Jewelry Tops Valentine's Day Lists, But Only One in Ten Choose It
Jewelry commands more Valentine's Day dollars than any other gift category, yet only 1 in 10 people actually buys it — a gap that tells you everything about where the real opportunity lies.

Only 25% of Valentine's Day shoppers planned to buy jewelry this year, yet that group was projected to outspend every other gift category combined, pouring a forecasted $7 billion into rings, necklaces, and bracelets. That math deserves a second look: the most expensive gift on the list also happens to be the one most people skip.
The National Retail Federation's annual Valentine's Day survey, released January 27, 2026, projected total consumer spending to reach a record $29.1 billion, with the average shopper budgeting $199.78. That represents a 5.8% increase from the prior year. Jewelry accounted for the single largest slice of that record sum, but a Bain & Company analysis of payment-card and survey data found that roughly only 1 in 10 gifts given this Valentine's Day was actually a piece of jewelry.

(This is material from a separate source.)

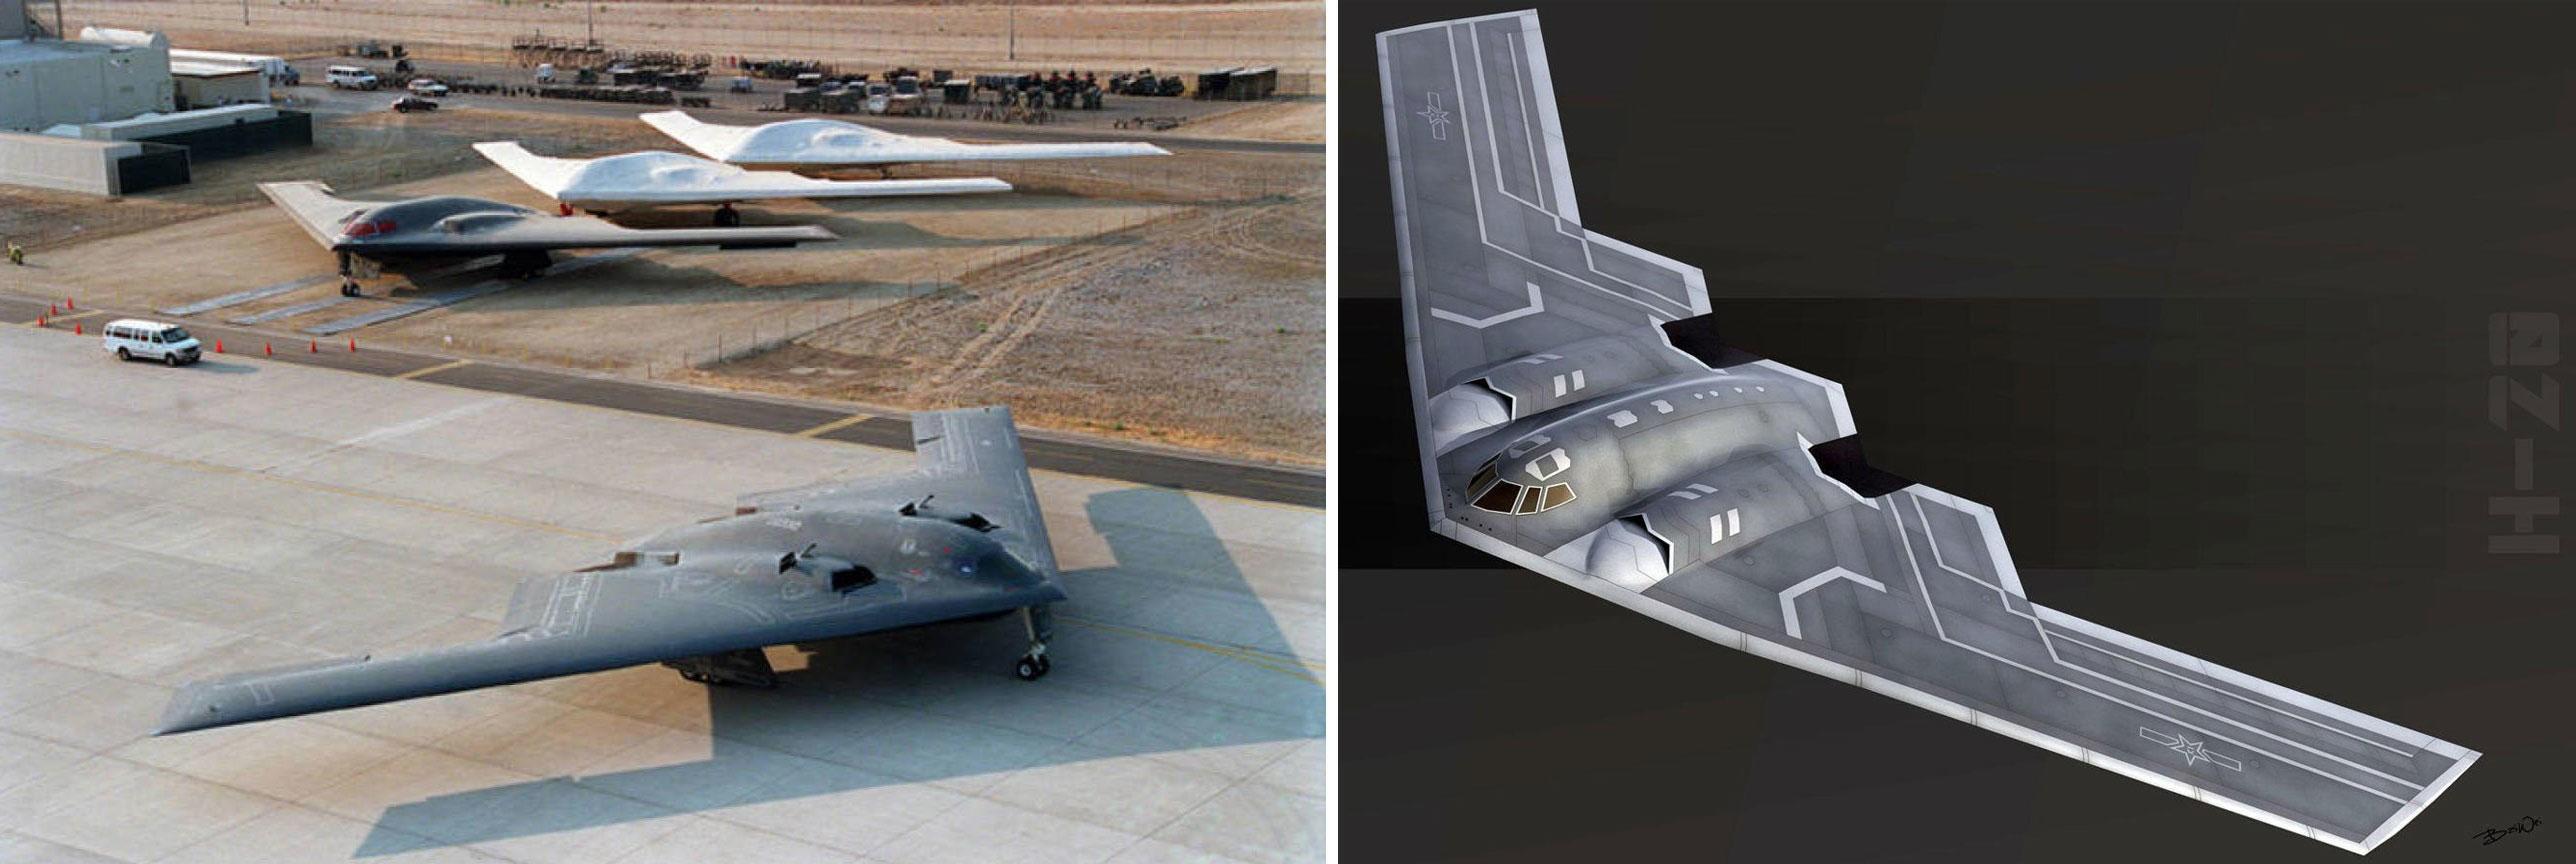 STRATEGISK BOMBEFLY H-20: Illustrasjonen til høyre er hvordan designeren Bai Wei ser for seg at Kinas nye bombefly H-20 kan se ut. Designet minner unektelig om USA B-2 Spirit (til venstre) og det kommende B-21.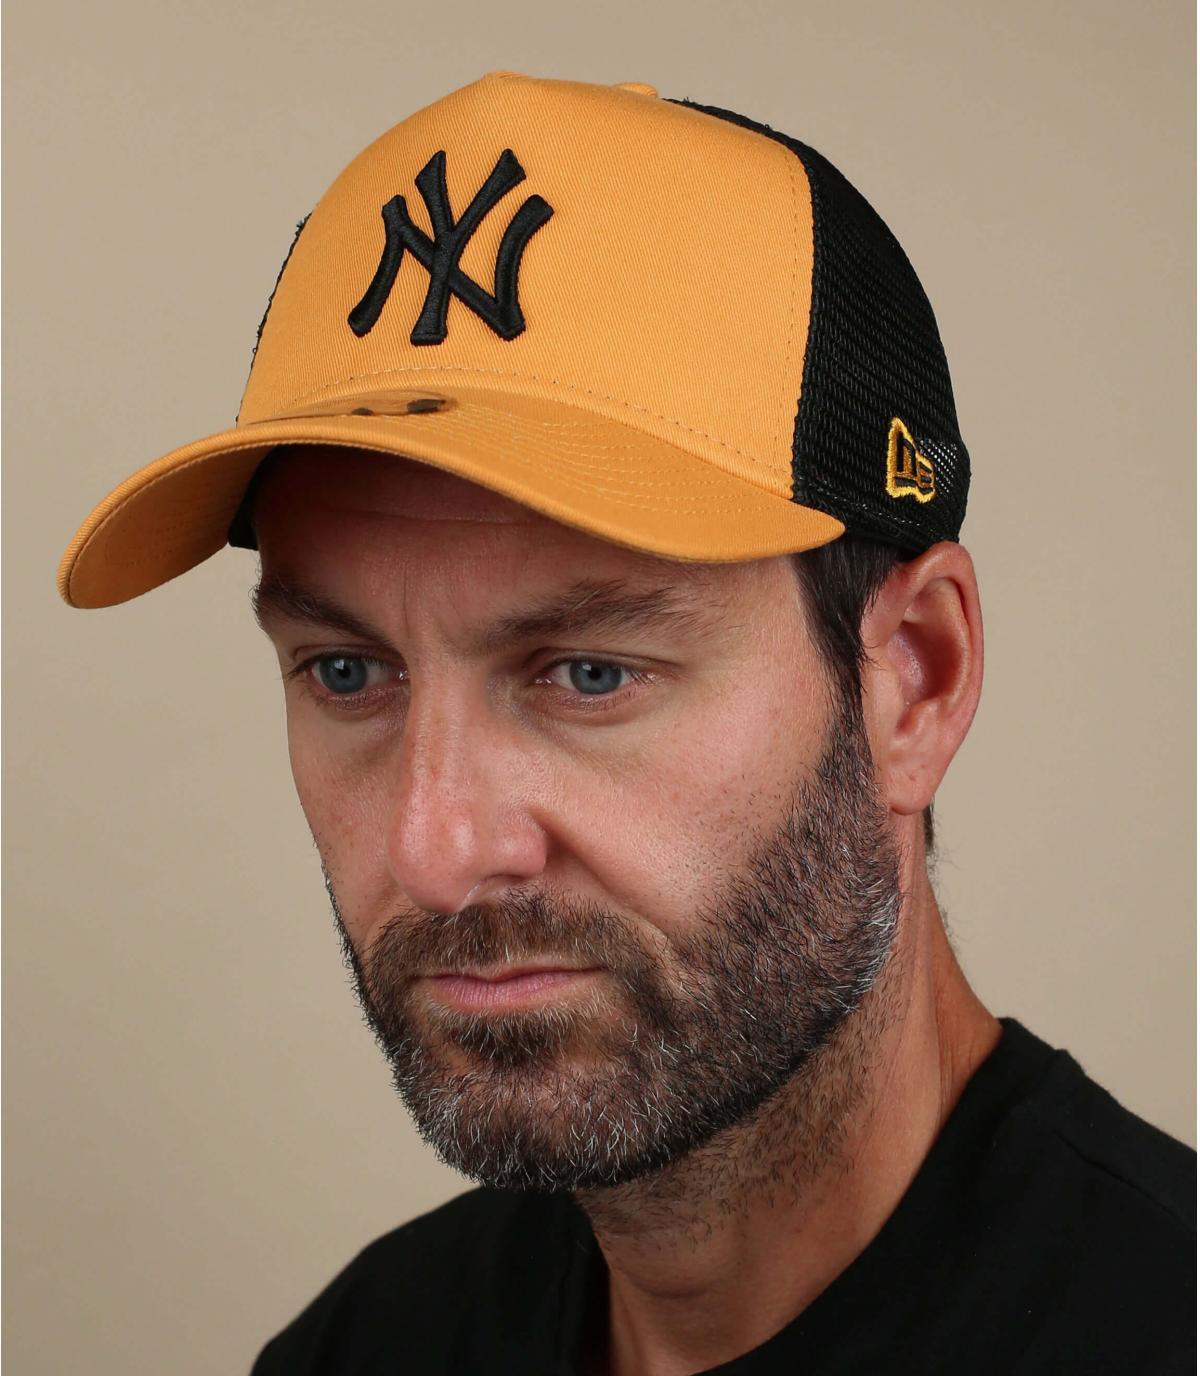 yellow NY trucker

The disconnect comes down to participation versus spend. Candy held its place as the most popular Valentine's gift at 56%, followed by greeting cards and flowers at 41% each, and an evening out at 39%. Jewelry trailed all of them in popularity, yet led in total dollars. The implication: a small group of buyers is spending significantly more per transaction than the candy-and-card crowd, lifting the category's aggregate haul despite its limited reach.
Gold prices rose 66% year over year heading into this Valentine's season, driving up jewelry prices from the 2025 holiday. That surge didn't kill demand so much as concentrate it. Ahead of February 14, high-end jewelry in the U.S. sold better than in 2025, suggesting that the buyers who do choose jewelry are increasingly gravitating toward the luxury end of the market rather than trading down.
NRF Vice President of Industry and Consumer Insights Katherine Cullen noted that "much of that growth is driven by middle- and high-income shoppers who are expanding their gift lists to include friends, co-workers and even pets in addition to loved ones." That expansion of the gift recipient pool also reshapes what gets purchased: a coworker gets a box of chocolates, not a gold bracelet.
Pet owners alone are expected to have spent $2.1 billion on Valentine's Day gifts for their animals, up 24% from 2025. The holiday has quietly broadened into a multi-recipient occasion, which dilutes jewelry's share of transactions even as its share of dollars holds firm.
For anyone still deciding what to give, the data makes a case for leaning in rather than defaulting to candy. In the months leading up to the holiday, demand for gold jewelry more than tripled that for silver, with pearls, turquoise, and diamonds ranking as the top-selling gemstones. The person who actually selects a piece of jewelry this Valentine's Day is, statistically speaking, a rare gift-giver. That rarity is the point.